MariaDB 10 GTID Explained
MariaDB replication in general works as follows: on a master server, all updates to the database are written into the binary log as binlog events, a slave server connects to the master and reads the binlog events and applies the events locally to replicate the same changes as done on the master. A server can be both a master and a slave at the same time, it is thus possible for binlog events to replicated through multiple levels of servers. A slave server keeps track of the position in the master's binlog of the last event applied on the slave (this allows the slave server to re-connect and resume from where it left off after replication has been temporarily stopped). Since version 10.0.2, MariaDB supports Global Transaction IDs for replication and this is automatically enabled. A Global Transaction ID, or GTID, consists of three numbers separated with dashes '-': the first number 0 is the domain ID, which is specific for global transaction ID, the second number is the server ID (the same used in old-style replication), the third number is the sequence number.
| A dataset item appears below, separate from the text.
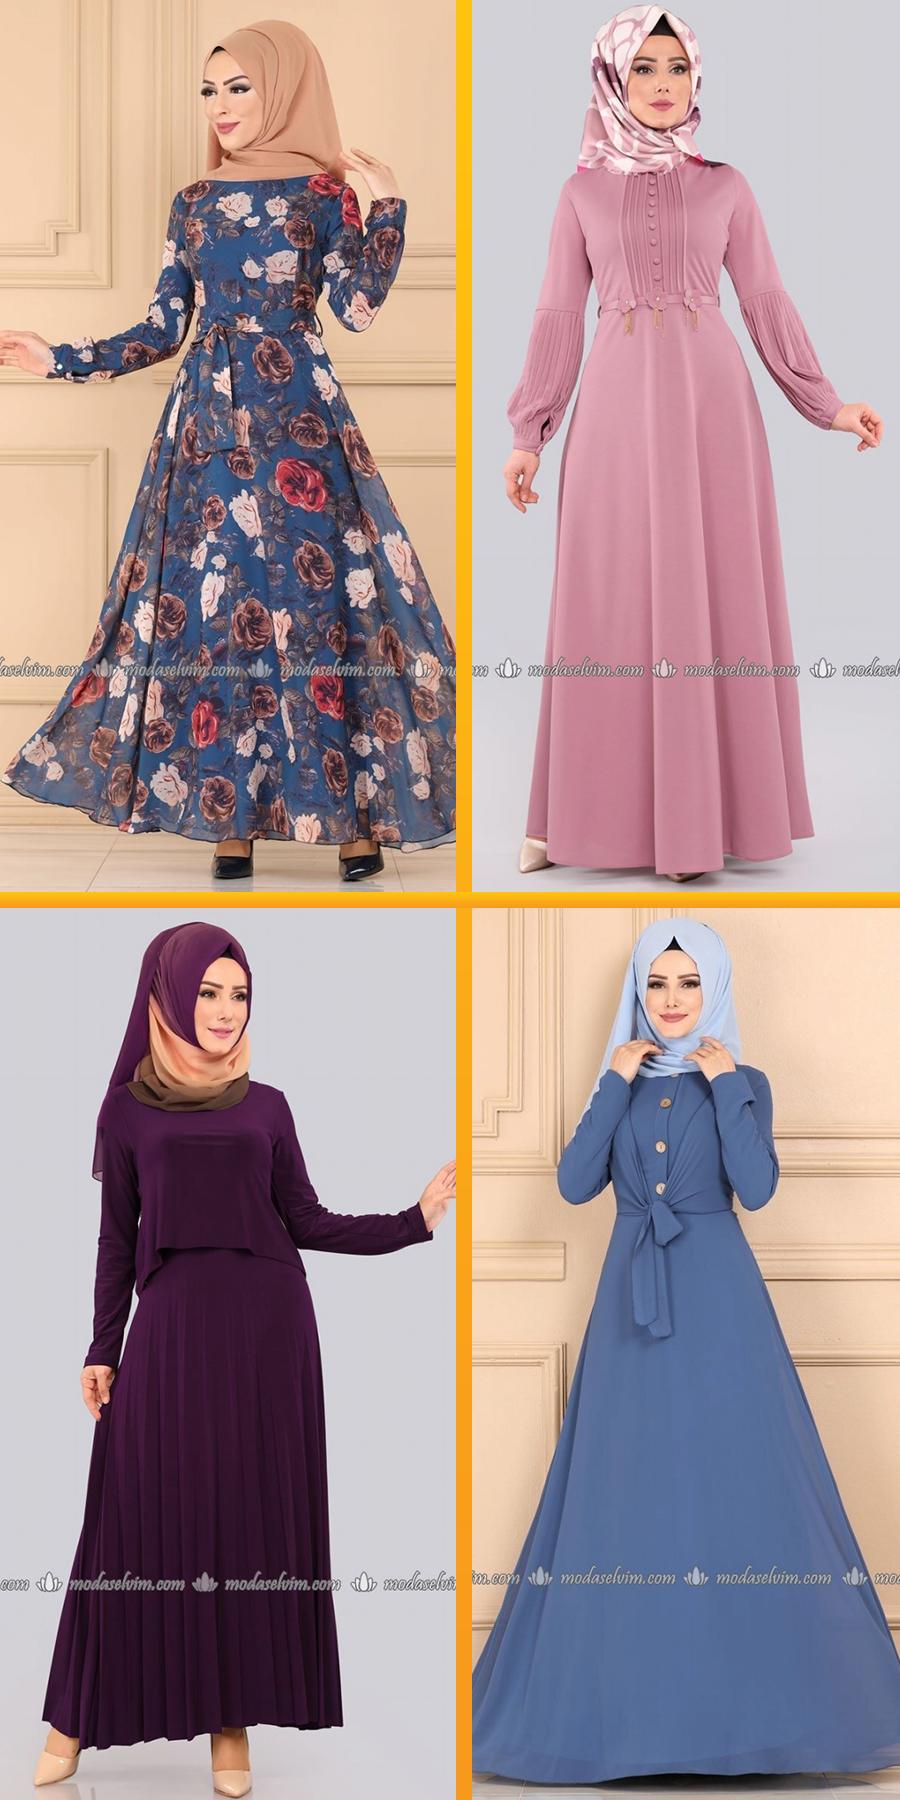 Modaselvim Elbise Modelleri 2020 1 2020 Elbise Modelleri Elbise Moda

The Global Transaction ID introduces a new event attached to each event group in the binlog (an event group is a collection of events that are always applied as a unit): as an event group is replicated from master server to slave server, the global transaction ID is preserved. Since the ID is globally unique across the entire group of servers, this makes it easy to uniquely identify the same binlog events on different servers that replicate each other. (this was not easily possible before MariaDB 10.0.2).
The Domain ID
When events are replicated from a master server to a slave server, the events are always logged into the slave's binlog in the same order that they were read from the master's binlog. The slave to keep track of its current position in the replication uses this consistent binlog order. Basically, the slave remembers the GTID of the last event group replicated from the master. When reconnecting to a master, whether the same one or a new one, it sends this GTID position to the master, the master starts sending events from the first event after the corresponding event group. If user updates are done independently on multiple servers at the same time, then in general it is not possible for binlog order to be identical across all servers. This can happen when using MariaDB 10 multi-source replication, with multi-master ring topologies or if manual updates are done on a slave that is replicating from active master. If the binlog order is different on the new master from the order on the old master, then it is not sufficient for the slave to keep track of a single GTID to completely record the current state. The domain ID, the first component of the GTID, is used to handle this situation.
The Server ID
The server ID is set to the server ID of the server where the event group is first logged into the binlog. The sequence number is increased on a server for every event group logged. Since server IDs must be unique for every server, this makes the server_id-sequence_number pair, and hence the whole GTID, globally unique.
Benefits of the GTID
It has become easy to change a slave server to connect to and replicate from a different master server. The slave remembers the GTID of the last event group applied from the old master. It is than easy to know where to resume replication on the new master, since the GTIDs are know throughout the entire replication hierarchy. When using old-style replication the slave knows only the specific file name and offset of the old master server of the last event applied and there is no simple way to guess from this the correct file name and offset on a new master.
Crash Safe Slave
The state of the slave is recorded in a crash-safe way. The slave keeps track of its current position (the GTID of the last transaction applied) in a system InnoDB table mysql.gtid_slave_pos. Updates to the state are done in the same transaction as the updates to the data. This makes the state crash-safe: if the slave server crashes, crash recovery on restart will make sure that the recorded replication position matches what changes were actually replicated. For old-style replication, the state is recorded in a file relay-log.info, which is updated independently of the actual data changes and can easily get out of sync if the slave server crashes.
Setting up a new slave:
SET GLOBAL GTID_SLAVE_POS = BINLOG_GTID_POS("master-bin.00024", 1600); CHANGE MASTER TO master_host="10.2.3.4", master_use_gtid=slave_pos; START SLAVE;
Switch a slave to use GTID
STOP SLAVE; CHANGE MASTER TO master_use_gtid=current_pos; START SLAVE;
STOP SLAVE; CHANGE MASTER TO master_host="10.2.3.5"; START SLAVE;